I believe the next era of marketplaces is going to look very different than the marketplaces we’ve seen so far.
It used to be the case that marketplaces could add a ton of value just by aggregating any and all supply and demand. The onus was on the users to filter using the available information in the marketplace to choose what they wanted or needed.
This model has worked well for a ton of product and service categories and marketplace companies.
But now, there’s an increasing need for more “managed” marketplaces — platforms that take on more work, not less (e.g., interviewing and vetting suppliers, automatically setting prices, etc.) — to intermediate the delivery of the product or service.
The managed marketplace model is critical to unlocking categories involving high-stakes or high price transactions (such as therapy, home
buying, fine art, travel experiences), as well as those impacting users’
lives and health in other ways.
In childcare, for instance, people don’t want to just see a list of all possible caregivers — they want to know with certainty that the providers they’re hiring are trustworthy and qualified.
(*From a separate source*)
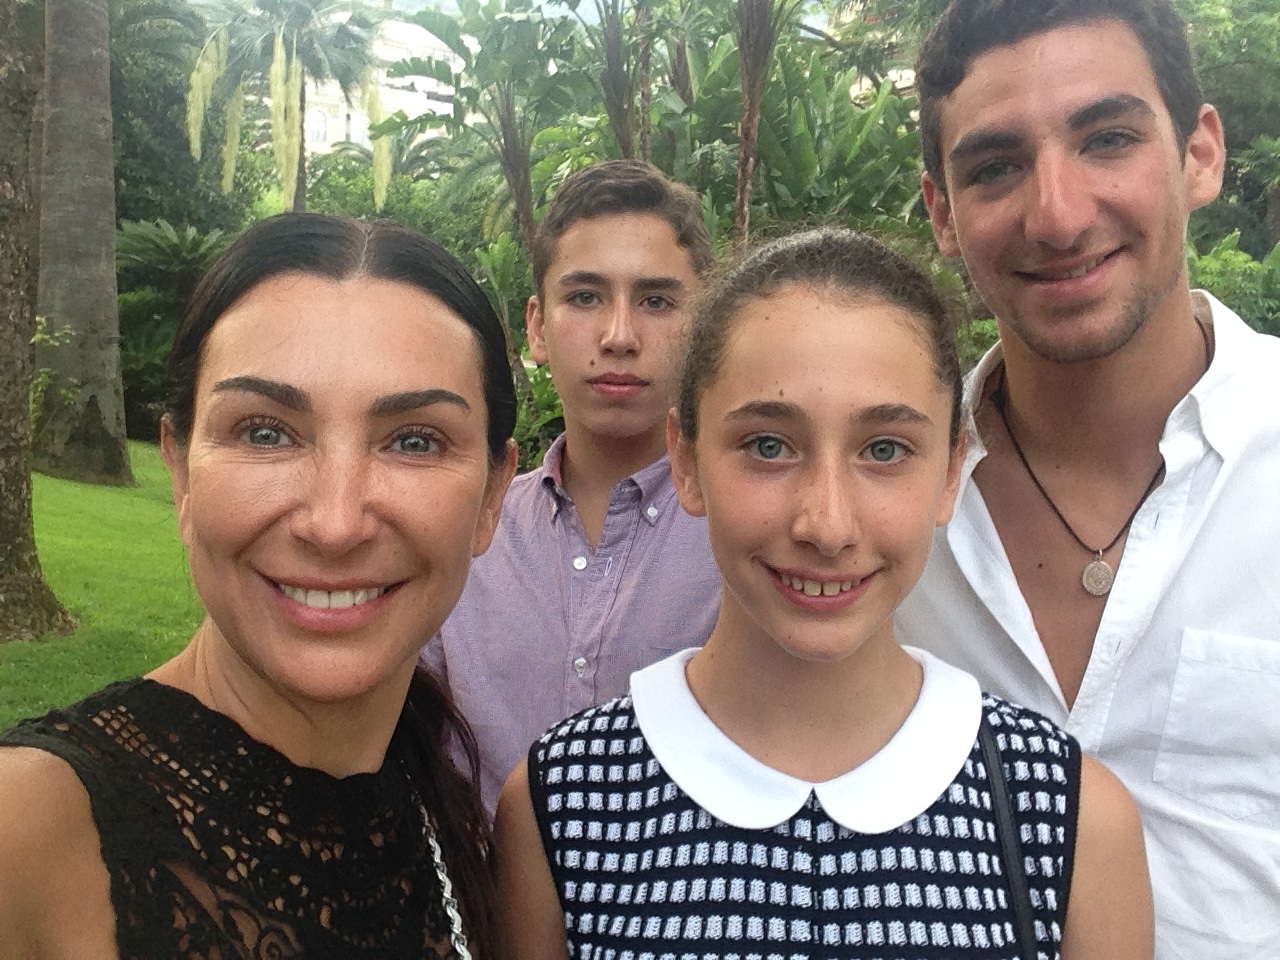  A family selfie in the South of France.&nbsp;

Last week’s WSJ piece on Care.com illustrated the tragic shortcomings of an unmanaged marketplace model: https://www.wsj.com/articles/care-com-puts-onus-on-families-to-check-caregivers-backgroundswith-sometimes-tragic-outcomes-11552088138
This week, the company announced it is overhauling its supplier onboarding process, including verifying licenses and credentials and checking criminal databases — adding a layer of management onto a previously open marketplace: Care.com Overhauls Vetting of Sitters, Listings
Managed marketplaces are an important evolution in marketplaces. The low-hanging opportunities in marketplaces have been picked, and the next wave of startups are innovating on the underlying marketplace model to tackle more complex goods/services that have remained offline.
In the future, marketplaces may not even feel like marketplaces to the end user. Because they connect all the dots behind the scenes–and provide such a high level of standardization and quality–people feel like they’re interacting with a high-quality, concierge-level service.
Examples range from daycare (e.g. Wonderschool) to skincare (e.g. Heyday). On the surface, Heyday looks like a chain of facial shops — a physical retail and services business. But underneath, it’s building a personalized skincare platform, matching different women to the exact right products for their skin, driven by the company’s growing corpus of data on what ingredients have worked well for various skin types, sourced from their physical business.
What are other interesting innovations in marketplaces? Interested in hearing more examples!